▸ **Work instructions**
Once you have read the listing, write it all out exactly.

▸ **Source information**
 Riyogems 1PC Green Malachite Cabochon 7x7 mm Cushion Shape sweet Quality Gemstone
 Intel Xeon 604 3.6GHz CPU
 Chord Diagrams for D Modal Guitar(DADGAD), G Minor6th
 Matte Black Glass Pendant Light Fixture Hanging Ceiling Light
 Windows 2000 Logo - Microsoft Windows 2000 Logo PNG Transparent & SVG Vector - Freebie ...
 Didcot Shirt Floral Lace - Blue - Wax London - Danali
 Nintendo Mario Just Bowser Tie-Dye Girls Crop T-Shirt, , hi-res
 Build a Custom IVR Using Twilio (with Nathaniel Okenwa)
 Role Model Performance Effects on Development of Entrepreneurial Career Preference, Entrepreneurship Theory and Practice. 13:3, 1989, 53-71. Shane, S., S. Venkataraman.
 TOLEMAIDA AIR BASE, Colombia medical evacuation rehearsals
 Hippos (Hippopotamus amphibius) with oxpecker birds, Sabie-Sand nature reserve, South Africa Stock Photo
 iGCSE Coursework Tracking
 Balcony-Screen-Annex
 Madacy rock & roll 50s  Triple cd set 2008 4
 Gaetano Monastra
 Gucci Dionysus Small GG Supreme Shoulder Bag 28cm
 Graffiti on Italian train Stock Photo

▸ **Output of the task**
 Riyogems 1PC Green Malachite Cabochon 7x7 mm Cushion Shape sweet Quality Gemstone
 Intel Xeon 604 3.6GHz CPU
 Chord Diagrams for D Modal Guitar(DADGAD), G Minor6th
 Matte Black Glass Pendant Light Fixture Hanging Ceiling Light
 Windows 2000 Logo - Microsoft Windows 2000 Logo PNG Transparent & SVG Vector - Freebie ...
 Didcot Shirt Floral Lace - Blue - Wax London - Danali
 Nintendo Mario Just Bowser Tie-Dye Girls Crop T-Shirt, , hi-res
 Build a Custom IVR Using Twilio (with Nathaniel Okenwa)
 Role Model Performance Effects on Development of Entrepreneurial Career Preference, Entrepreneurship Theory and Practice. 13:3, 1989, 53-71. Shane, S., S. Venkataraman.
 TOLEMAIDA AIR BASE, Colombia medical evacuation rehearsals
 Hippos (Hippopotamus amphibius) with oxpecker birds, Sabie-Sand nature reserve, South Africa Stock Photo
 iGCSE Coursework Tracking
 Balcony-Screen-Annex
 Madacy rock & roll 50s  Triple cd set 2008 4
 Gaetano Monastra
 Gucci Dionysus Small GG Supreme Shoulder Bag 28cm
 Graffiti on Italian train Stock Photo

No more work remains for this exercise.